Ashley, a woman trying to discover more about her birth mother in Sena Pueblo, is a heroine who just cannot stay put when the hero tells her to. When he tells her to stay put while he sneaks off to investigate a noise, she’ll happily sneak off after him. Frankly, I think she’s an accident waiting to happen. While Ms York thankfully doesn’t have Ashley becoming a liability to Luke – Ashley comes close at one point in the story, though – I find myself cringing every time Ashley behaves like this fearless wide-eyed Nancy Drew with no common sense. Between her fearless charging into danger and Luke’s permanent sneer, I feel as if I’m reading a dime novel of some sort.

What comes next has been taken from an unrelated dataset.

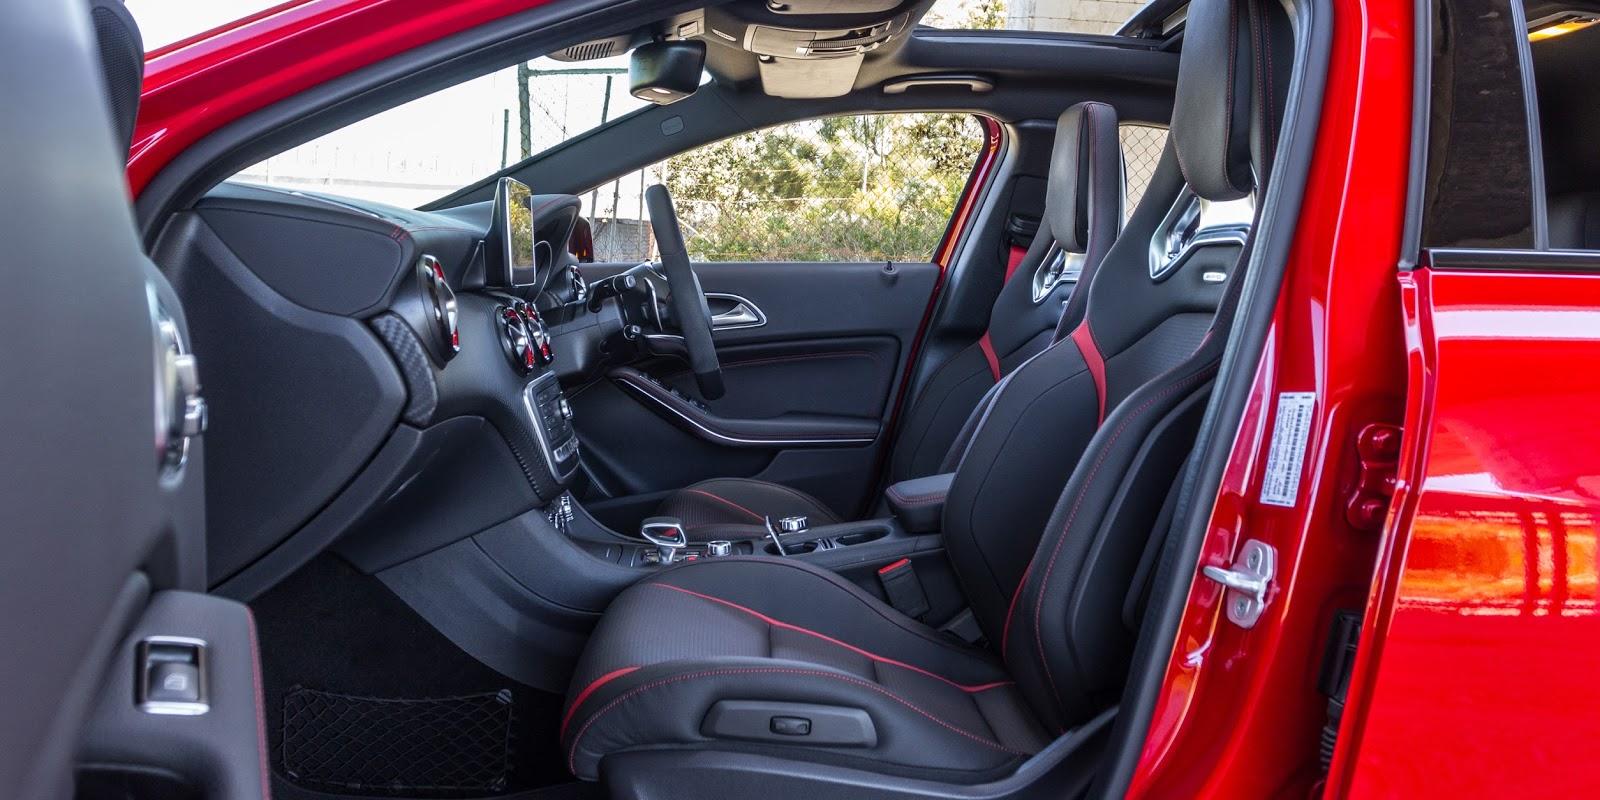 Ghế ngồi đậm chất siêu xe và đúng kiểu của những chiếc xe Mercedes AMG

Ann Voss Peterson continues the mystery in Tom, in which we have Luke’s buddy Tom Lahi, a lawyer, sparring wits and later tongues with Jessie Gardner, the FBI agent who is in town to investigate Joe’s death. This is the best of the three stories because Tom and Jessie are the characters that come closest to attaining two-dimensional depths. They don’t sneer or do anything stupid here. This is a short and enjoyable story. In this anthology, that means this story is pure gold compared to the other two.

Patricia Rosemoor’s Rico is the worst story of the three. Rico Tafoya, a rich art gallery owner and friend of the other two men, is just like Luke in that he too has a permanent sneer on his face. The vapid heroine Charlotte Reyna, on the other hand, is like those stupid heroines in horror movies. You probably have seen a few of those movies, I’m sure, where these heroines know that a great evil is coming but when they try to tell the cops about the great evil, they babble and shriek and come off like a nutcase so nobody believes them. Charlotte is that kind of heroine. She seems to be an entirely visceral creature, basing her decisions purely on how she feels about something.

Also, the story disappointingly ends with the revelation that the villain is… still a nonentity by the time this fellow is revealed. It is hard not to feel cheated when I learn that the villain turns out to be Just Some Crazy Bad Guy, especially after all that build up in the three stories.

Desert Sons has only one story that I’d consider worth a second reading. Talk about a dry spell.